Author : David Menconi
Publisher : UNC Press Books
Page : 329 pages
File Size : 43,62 MB
Release : 2020-09-22
Category : Music
ISBN : 1469659360
This book is a love letter to the artists, scenes, and sounds defining North Carolina's extraordinary contributions to American popular music. David Menconi spent three decades immersed in the state's music, where traditions run deep but the energy expands in countless directions. Menconi shows how working-class roots and rebellion tie North Carolina's Piedmont blues, jazz, and bluegrass to beach music, rock, hip-hop, and more. From mill towns and mountain coves to college-town clubs and the stage of American Idol, Blind Boy Fuller and Doc Watson to Nina Simone and Superchunk, Step It Up and Go celebrates homegrown music just as essential to the state as barbecue and basketball. Spanning a century of history from the dawn of recorded music to the present, and with sidebars and photos that help reveal the many-splendored glory of North Carolina's sonic landscape, this is a must-read for every music lover.

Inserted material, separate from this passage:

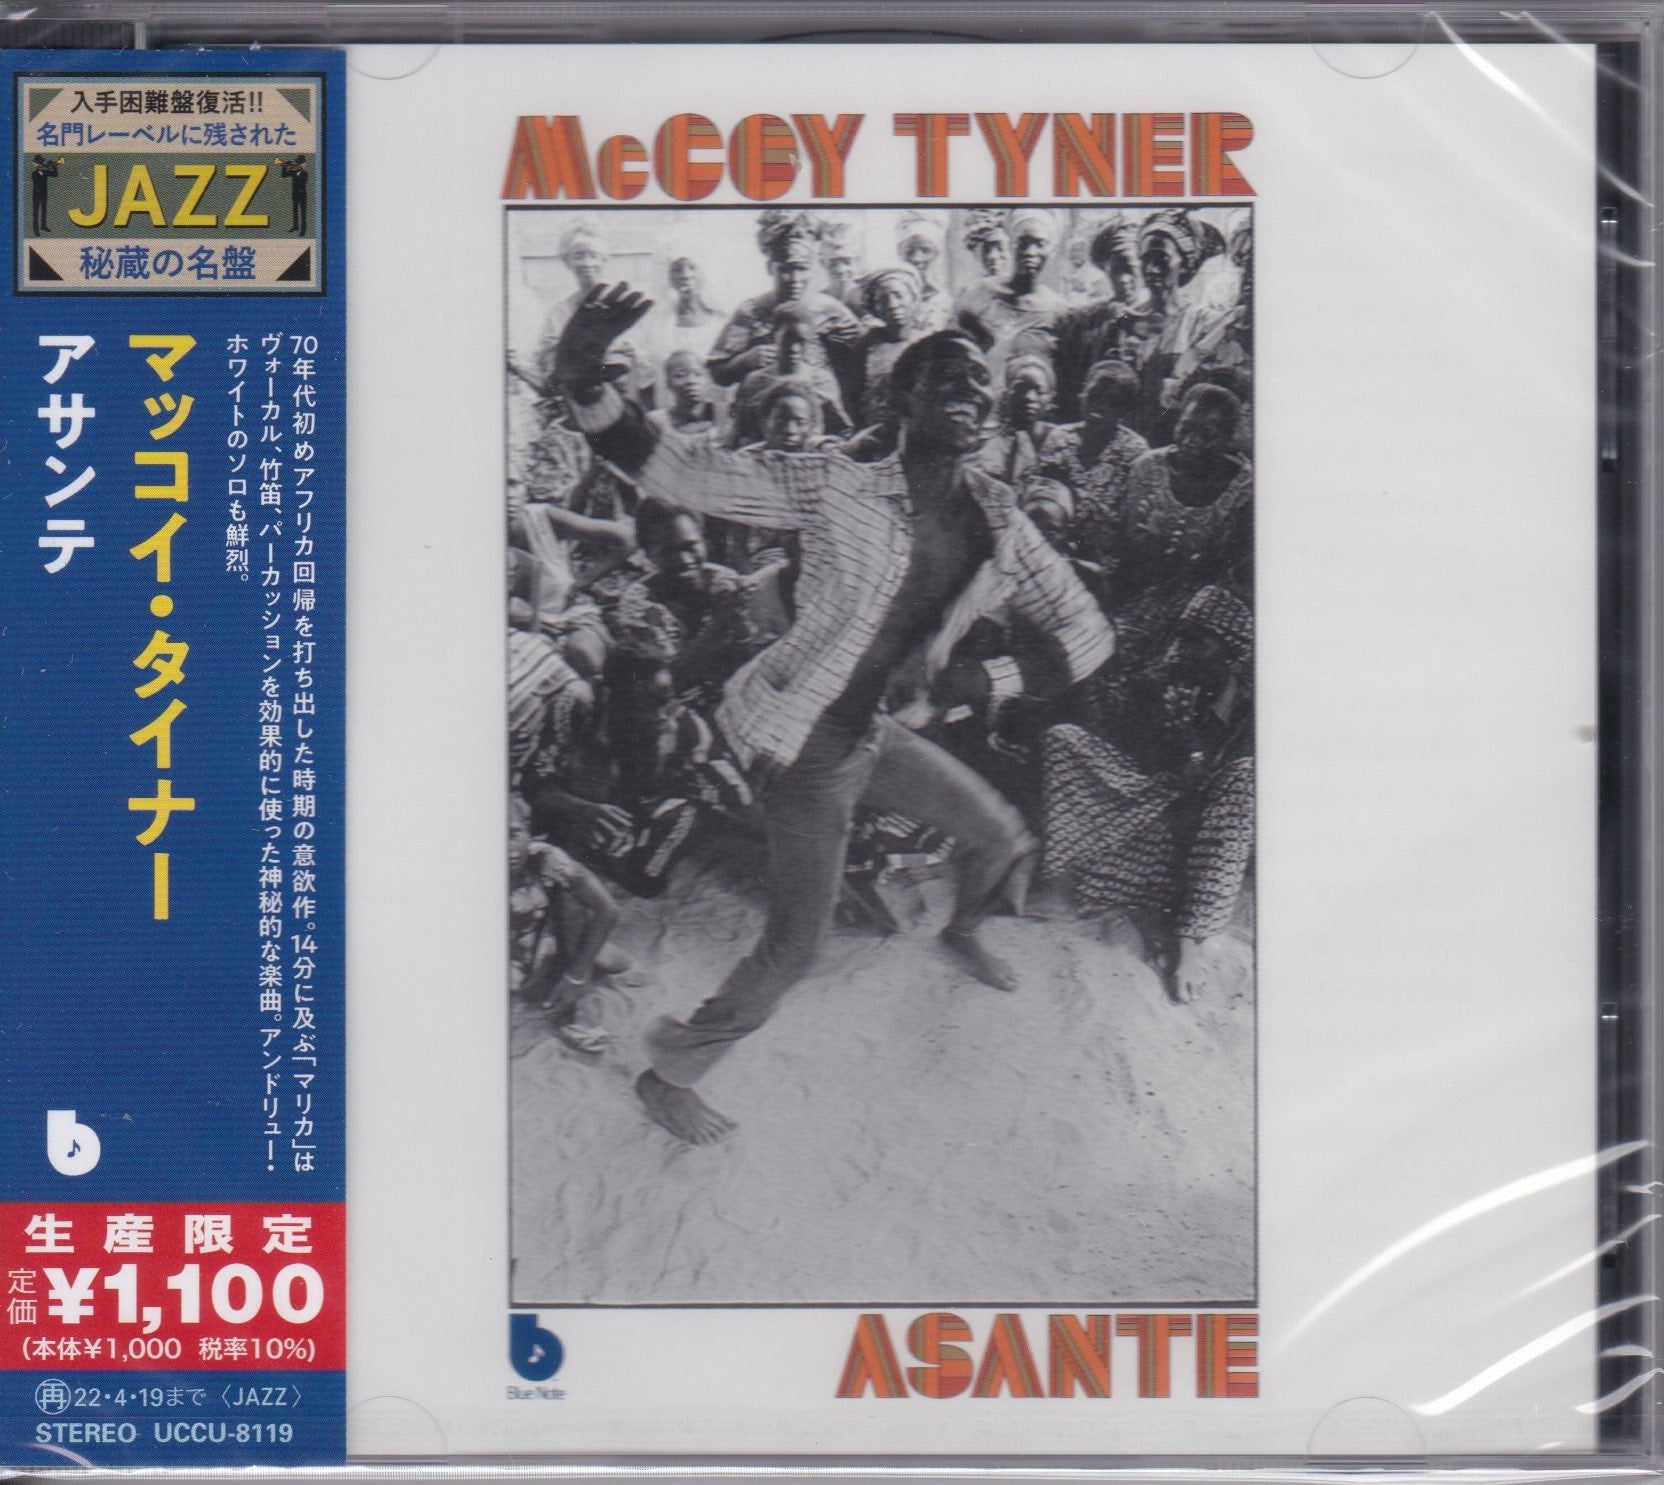 McCoy Tyner ‎– Asante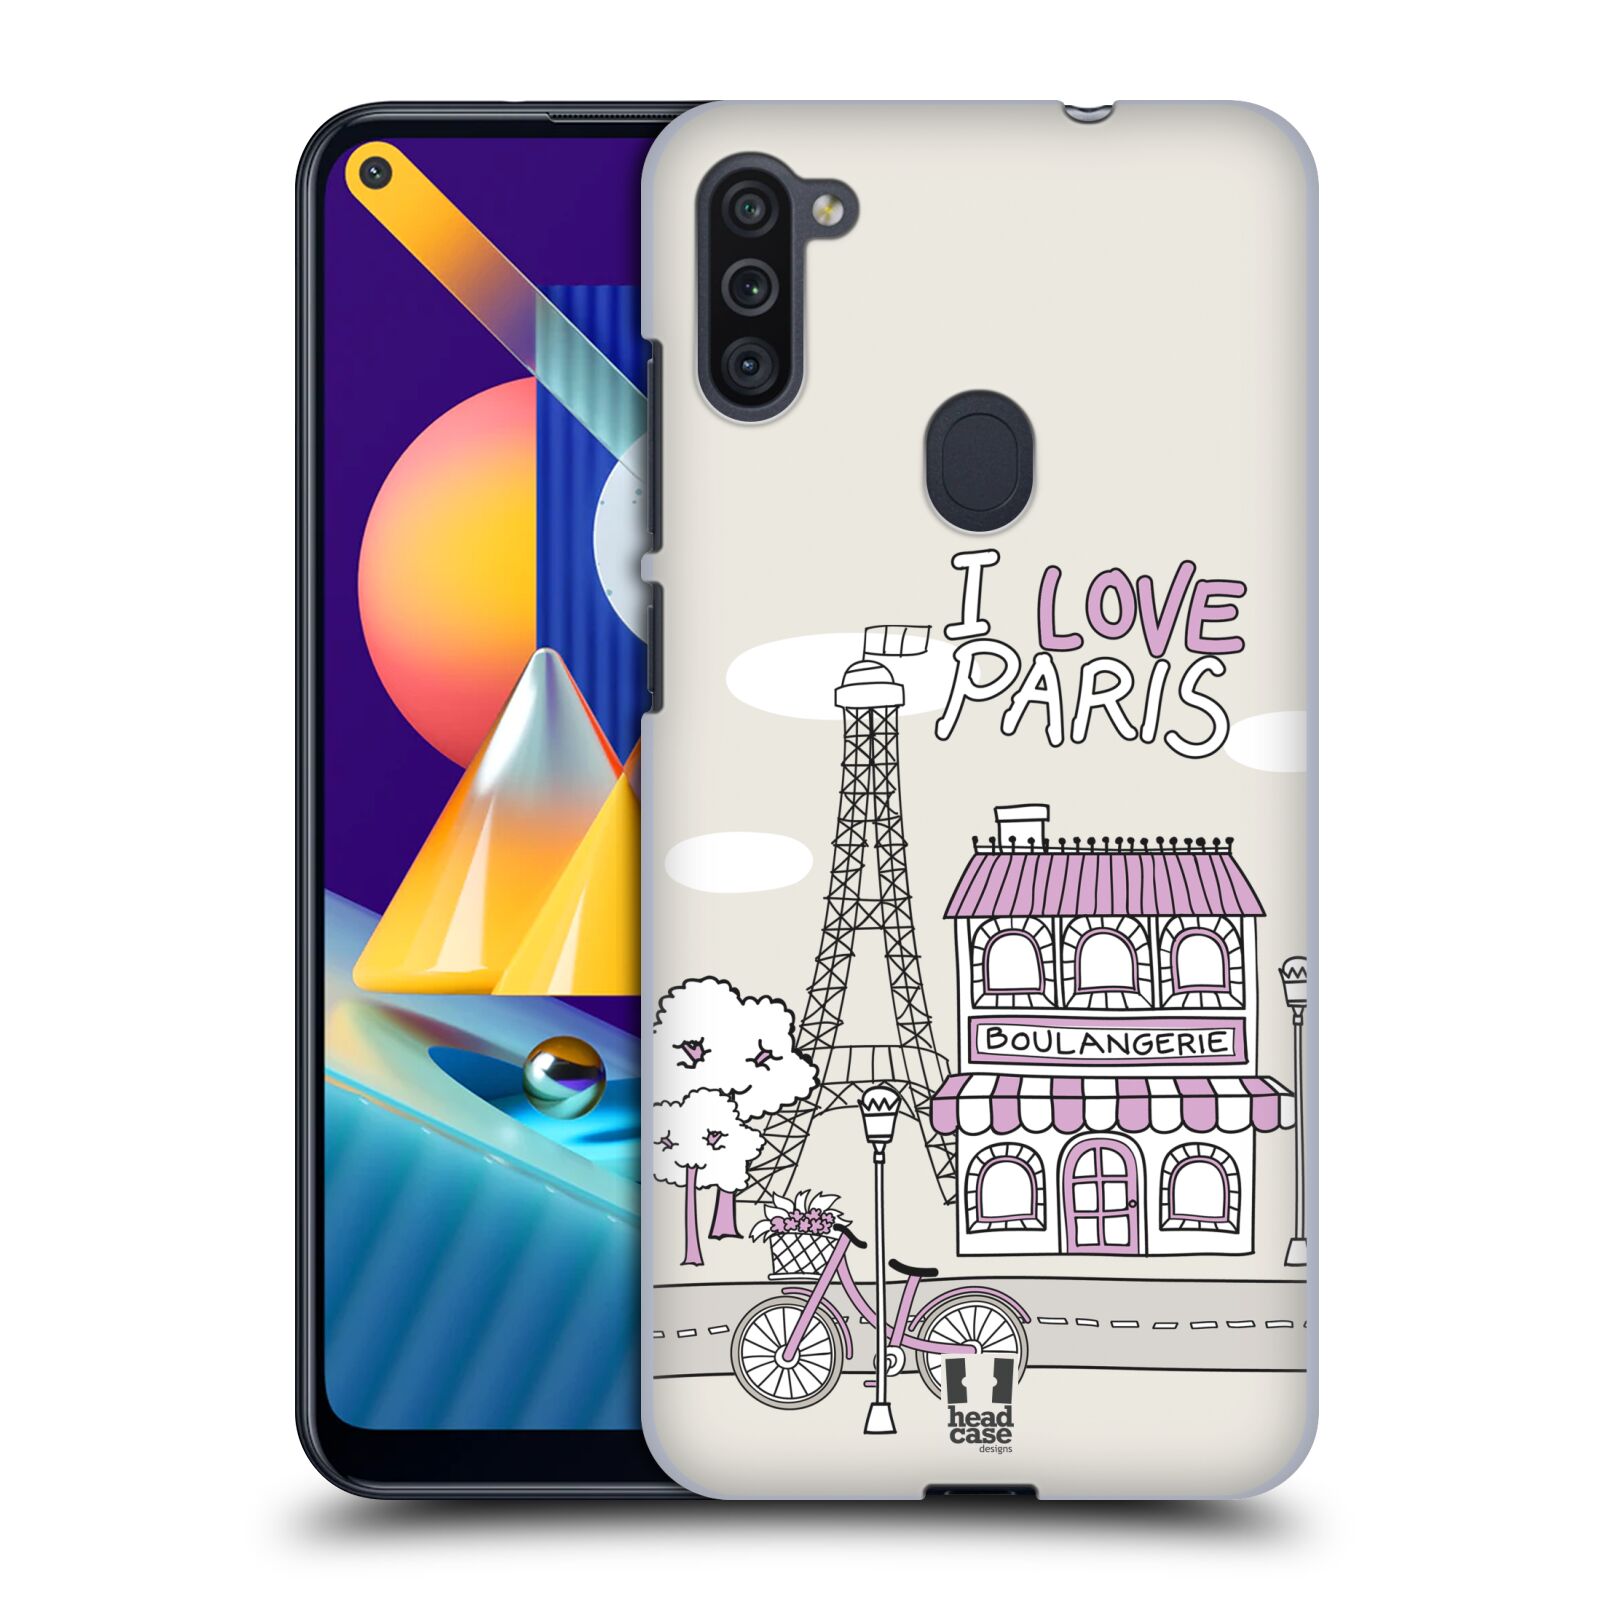 Plastový obal HEAD CASE na mobil Samsung Galaxy M11 vzor Kreslená městečka FIALOVÁ, Paříž, Francie, I LOVE PARIS

Author : Luis J. Rodríguez
Publisher : Open Road Media
Page : 180 pages
File Size : 37,6 MB
Release : 2012-06-12
Category : Poetry
ISBN : 1453259090
DIVDIVA mesmerizing collection of poems of urban pain and immigrant alienation, humming with a current of genuine beauty and the pulse of life/divDIV/divDIVThe Concrete River’s poems are dispatches from city corners that CNN viewers never see, that few dare visit, and that fewer still manage to escape. Rodríguez sings corridos of barrios and busted Chicanos trying to make it in L.A. and Chicago, from ballads of Watts’s broken glass to blues played alongside a tequila bottle under an elevated train. But the music also captures moments of true beauty amid the hard urban surfaces, where the cries of the ’hood “deliver sacrifices / of sound and flesh, / as a mother’s milk flows,” while love and community offer renewed hope./divDIV /divDIVThis ebook features an illustrated biography of Luis J. Rodríguez including rare images from the author’s personal collection./divDIV /div/div
Author : John Masefield
Publisher :
Page : 176 pages
File Size : 25,31 MB
Release : 1941
Category : Authors, English
ISBN :
Memories of two years in the author's life, during which he was employed in a carpet mill in Yonkers, New York.